When a picture appears in the listing, leave it out and copy the rest exactly as it stands.
[Supplied material]
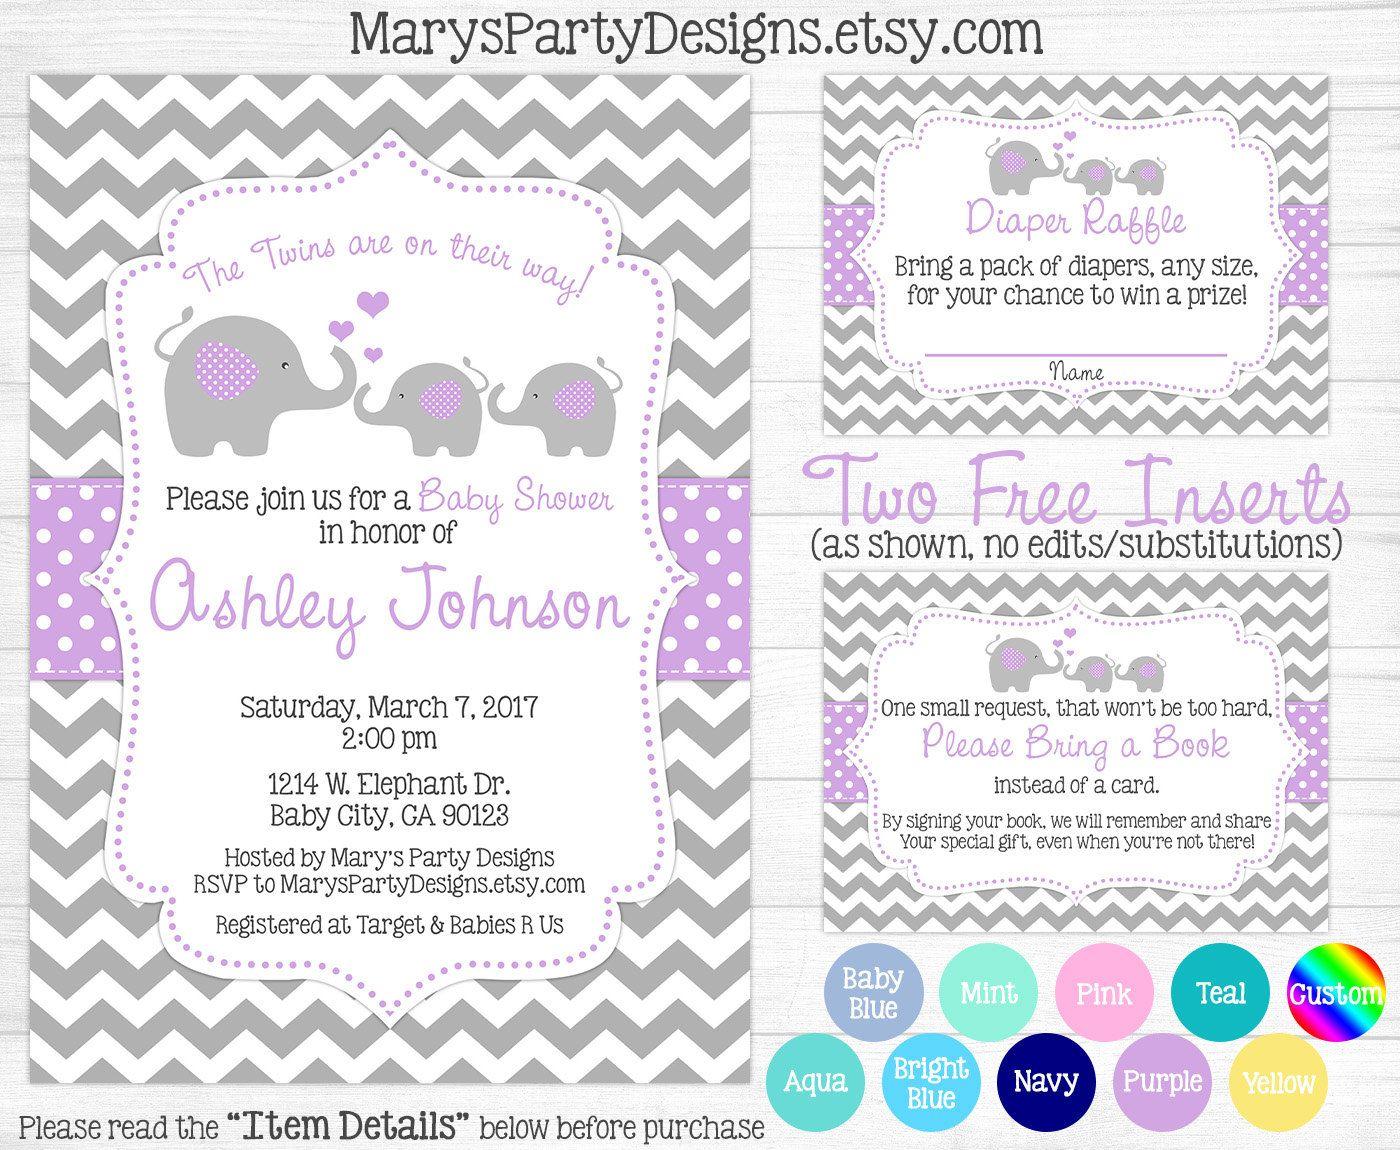 Elephant Twins Baby Shower Invitation - Aqua Blue Mint Teal Boy Girl ...
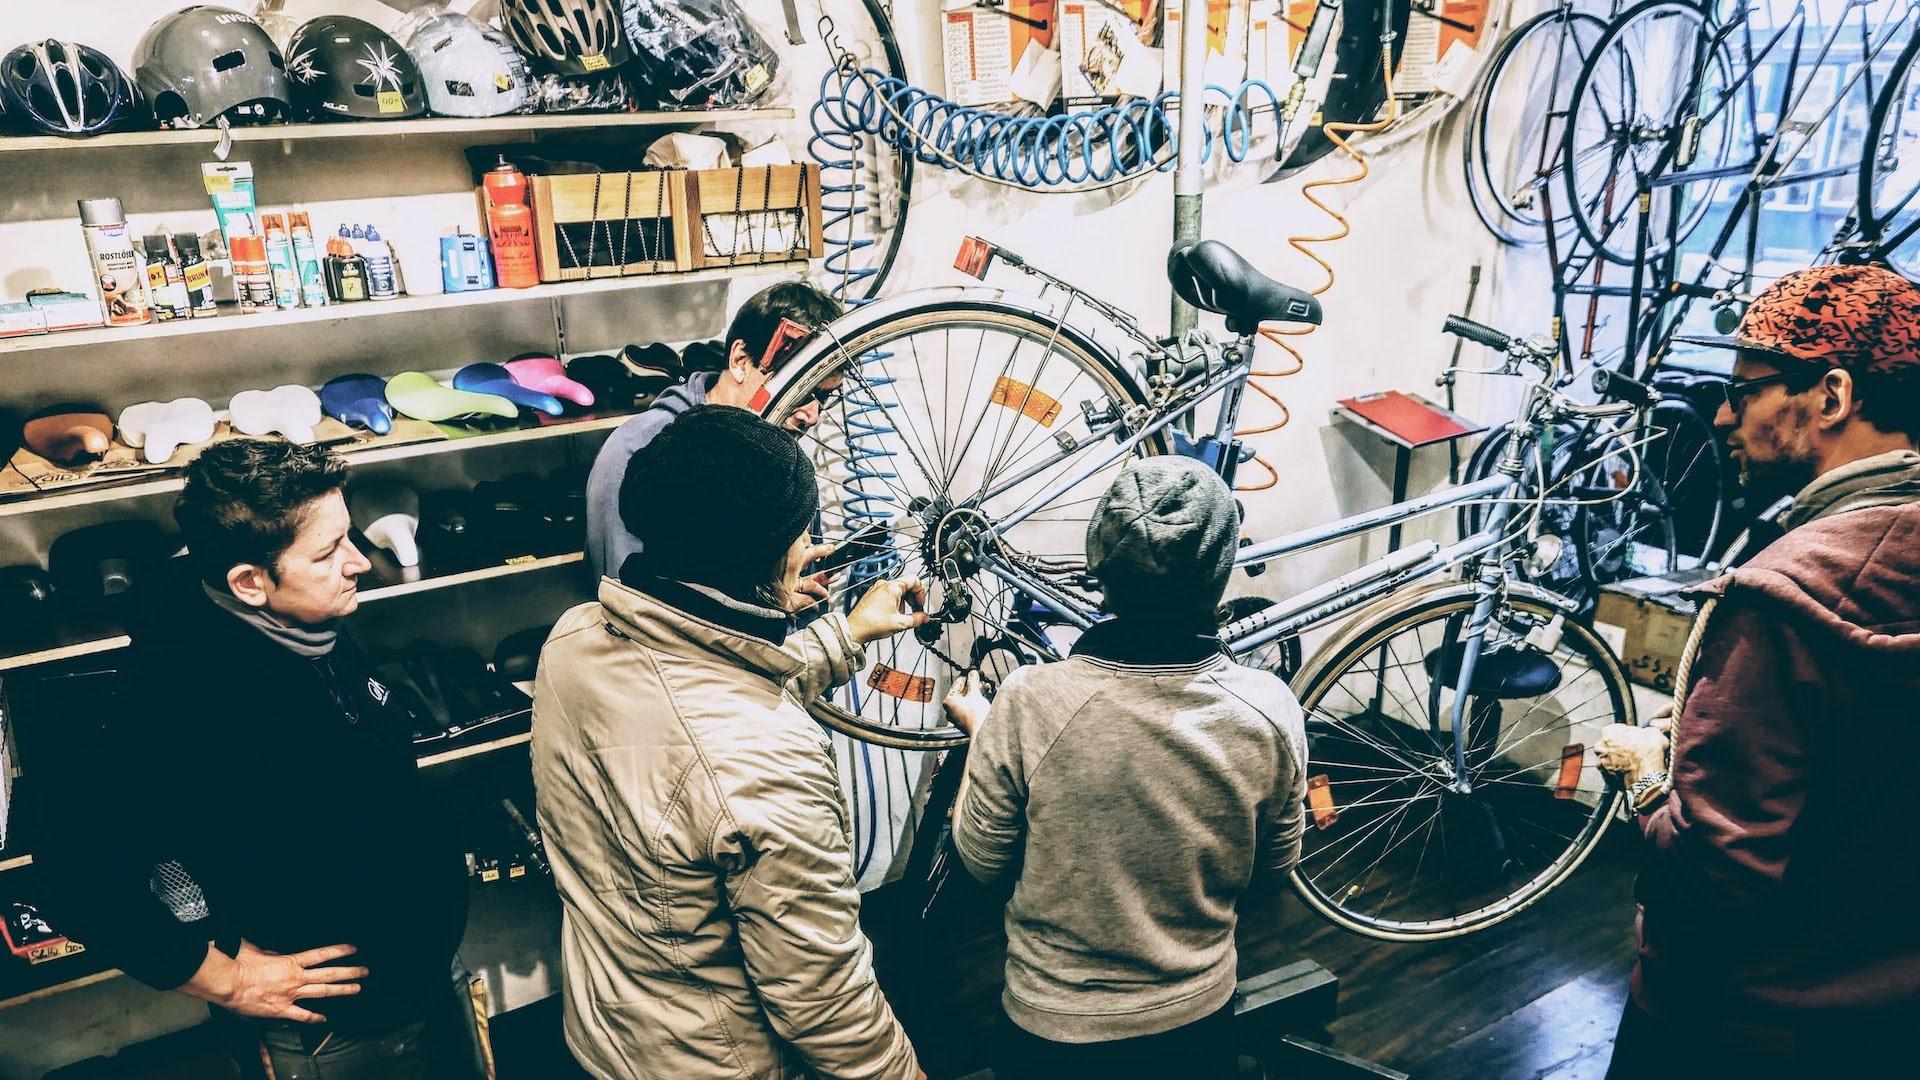 1130868 - Workshops & Reparaturkurse
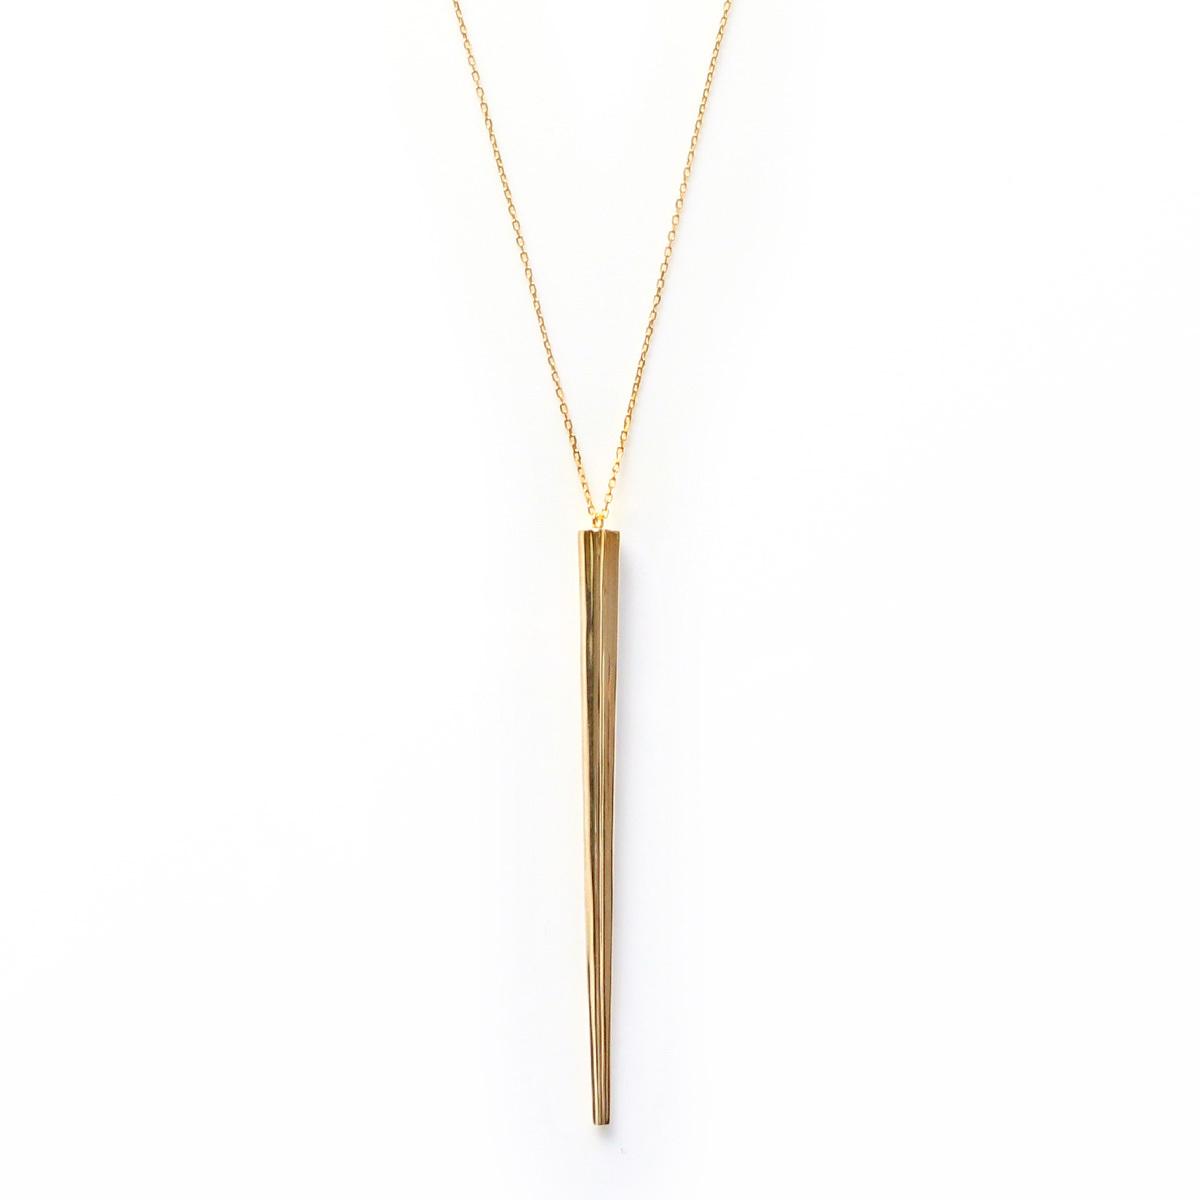 Yuragi Bar Necklace
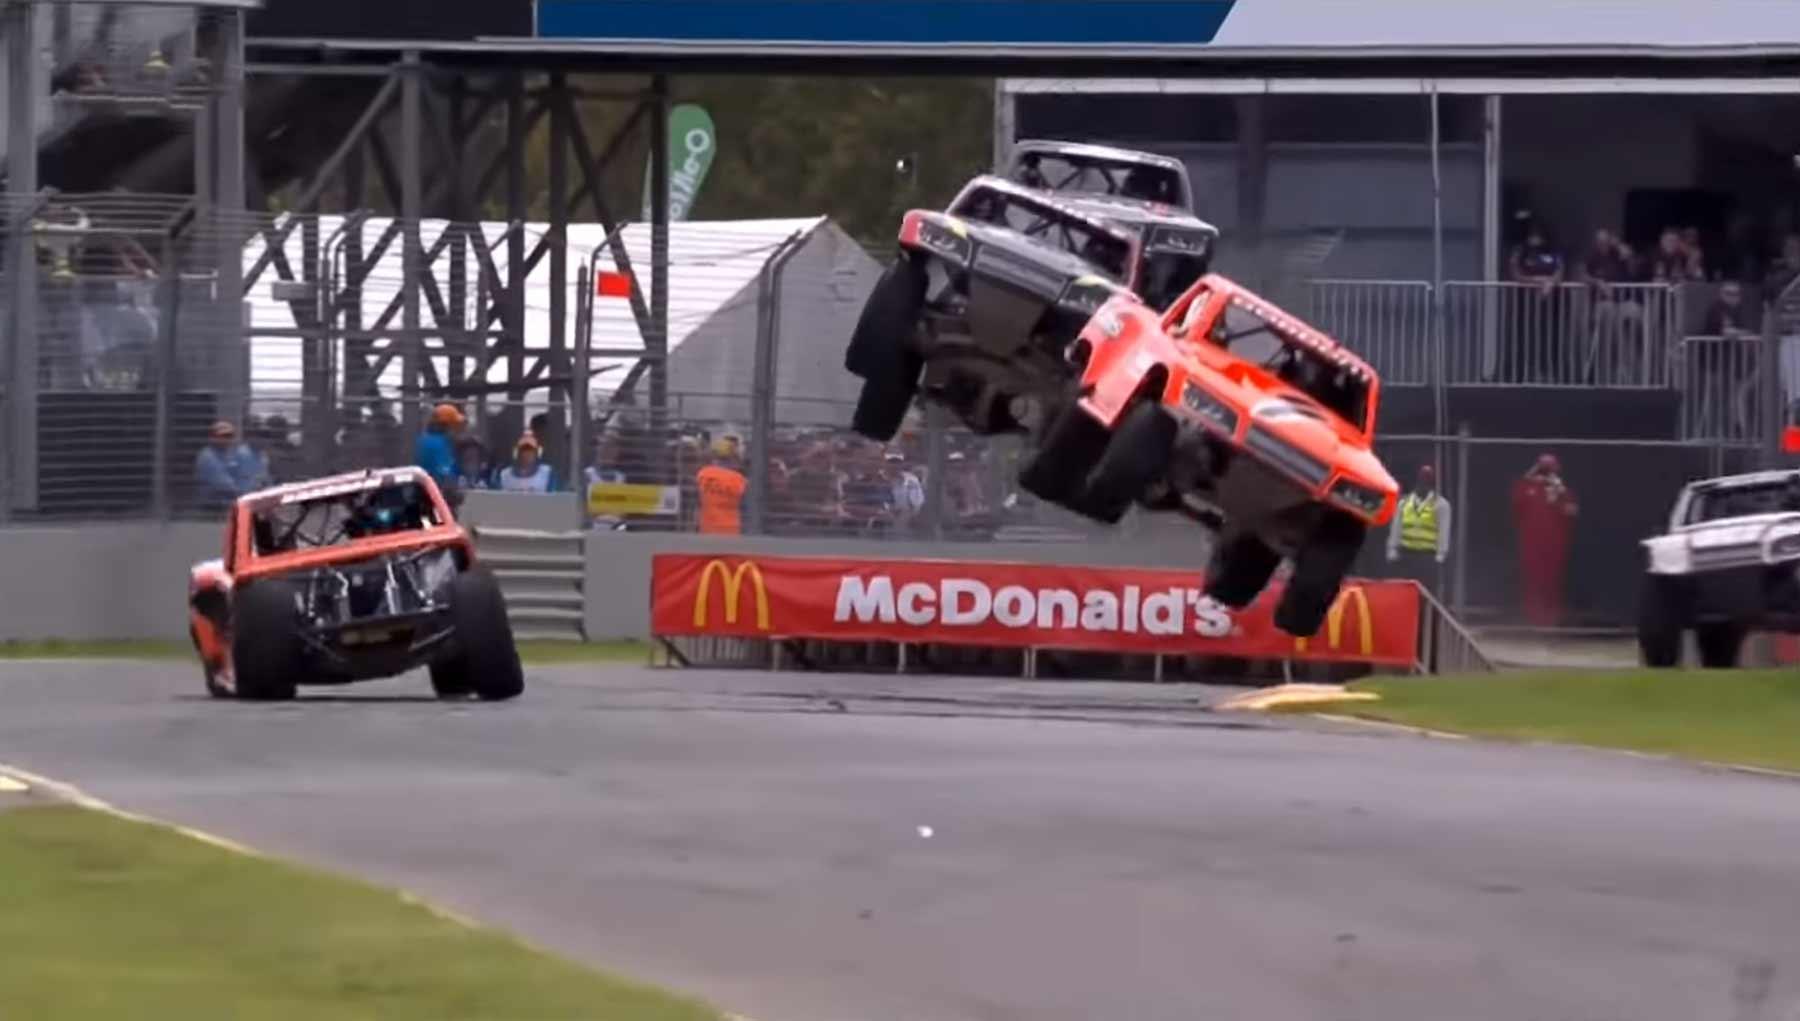 Radikales Rampen-Rennen super-trucks-ramps-race
[/Supplied material]
# [Solution]
 Elephant Twins Baby Shower Invitation - Aqua Blue Mint Teal Boy Girl ...
 1130868 - Workshops & Reparaturkurse
 Yuragi Bar Necklace
 Radikales Rampen-Rennen super-trucks-ramps-race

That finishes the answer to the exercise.